The Couture Market Today
Lately there has been a resurgence in the Couture market. Today’s haute couture clients hail form the Middle East, China, or Russia. Bruno Pavlovsky, president of fashion at Chanel, told Women’s Wear Daily in 2010: “We have new clients from Europe and the Middle East” and commented that he has seen the business of haute couture increase by between 20 to 30 percent in recent years. Designer Jean Paul Gaultier closed his Ready-To-Wear line in 2014 to only make Couture for the client base he has established. It has been estimated that there are approximately 4,000 haute couture clients in the world today.
Another emerging Couture market is vintage couture. Auction houses like Christie’s make front page news for Luxury and Couture resale items. There has been increased interest from the international market for couture, but it is a limited market. The couture resale market is 50% buyers and 50% collections. Auction houses like Christie’s has dedicated resources to first identify the collectors and dealers and create marketing campaigns to reach them. The key markets for collecting couture are the world’s fashion hubs: New York, London, Los Angeles, Paris, Japan, and increasingly China.
The world of resale luxury handbags and accessories in auction rooms is also making front-page news. Luxury goods like the Hermes Birkin bag, which requires a staff of 30 to produce 15 hand-crafted bags of different styles and textures per month and can range from $10,000 to $150,000 each depending on the size and material used, has proven to be a good resale market product.
Earlier this year an Hermès Birkin with diamonds set a record in Hong Kong as the most expensive handbag sold at auction. The bag was up for auction at Christie’s afternoon handbags and accessories sale and sold for 1.72 million Hong Kong dollars or $221,846, reports the Wall Street Journal.
Another luxury accessories sale that made the news was the Alexander McQueen Armadillo Boots reproduced and Auctioned by Christie’s for the Nepal relief fund. Three pair of shoes were expected to raise between 10,000 to 15,000 each. Instead each pair went for almost 100,000, the three pair were auctioned and now sit in the home of Lady Gaga thanks to her fiance who paid $295,000. Each pair of armadillos are hand-made in Italy, in an elaborate process that span five days and involves 30 people, using material from three suppliers and passing through three factories.
The Future of Couture
The rising spotlight on Couture and Couture accessories ensures that the Art of Costume Couture will live on.
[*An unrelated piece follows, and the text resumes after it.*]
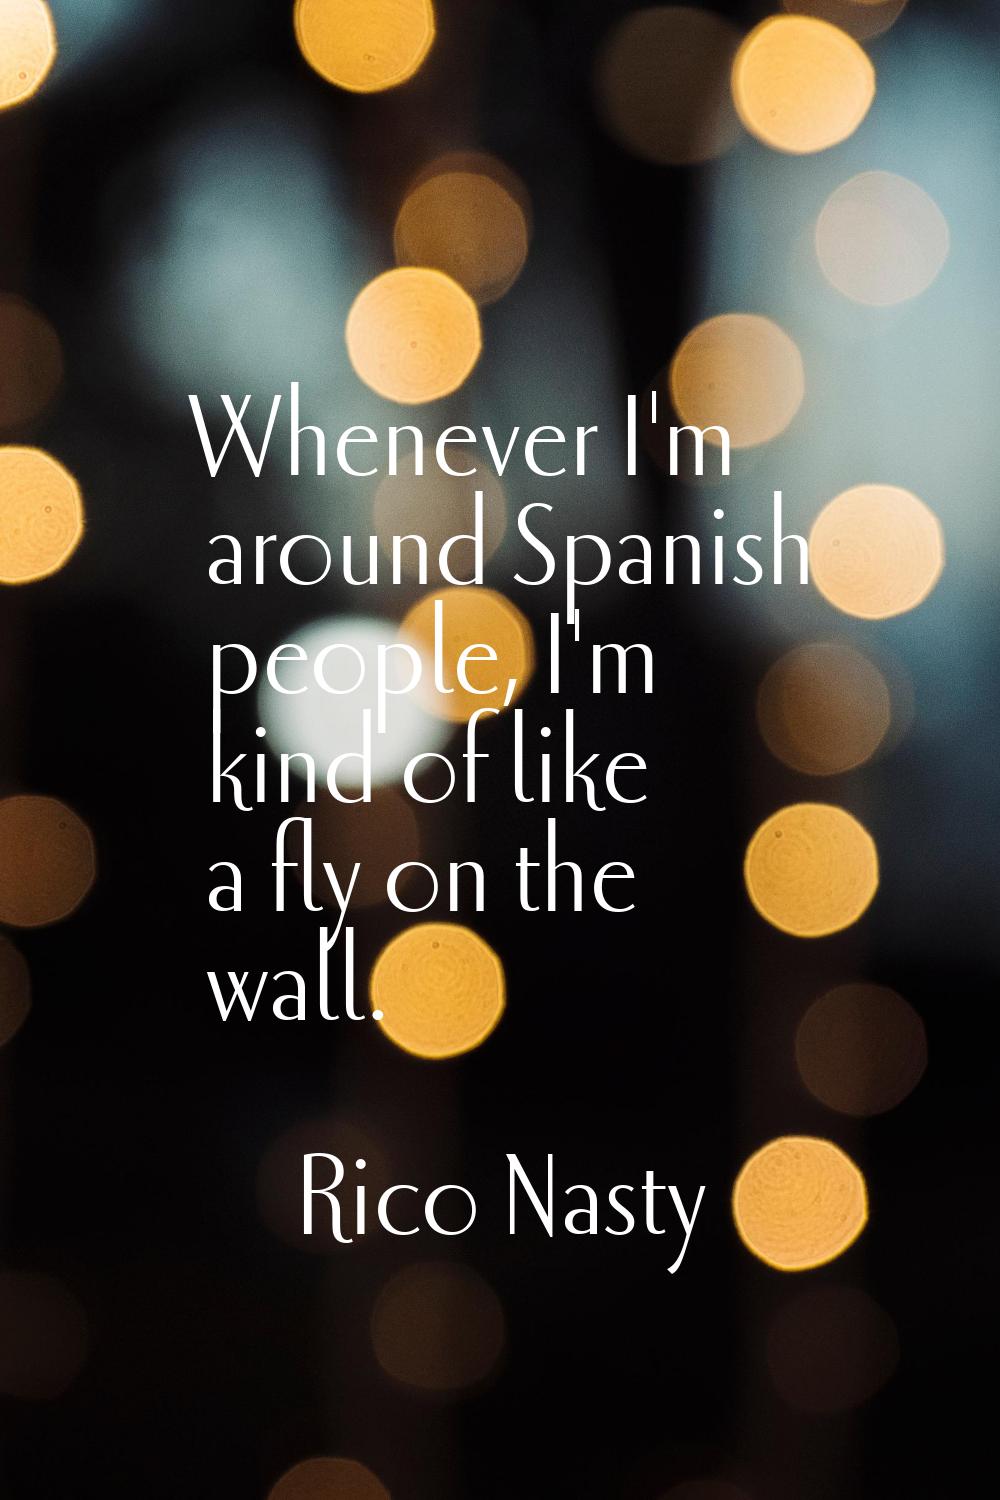 Whenever I'm around Spanish people, I'm kind of like a fly on the wall.

Today there are 30 fashion designers on the official Chambre Syndicale de la Haute Couture calendar each season including couture stalwarts like Christian Dior and Chanel and newer names like Giambattista Valli, Elie Saab and Zuhair Murad who have brought new life to the world of couture, and a new customer.
Fashion brands like Dolce & Gabbana and Gucci have also unveiled haute couture collections in recent years, though they are not members of the Chambre Syndicale. The recent show by Dolce & Gabbana through AltaModa included a cliffside presentation that required clients and press, including a Princess, be transported by boat to a remote location in Capri.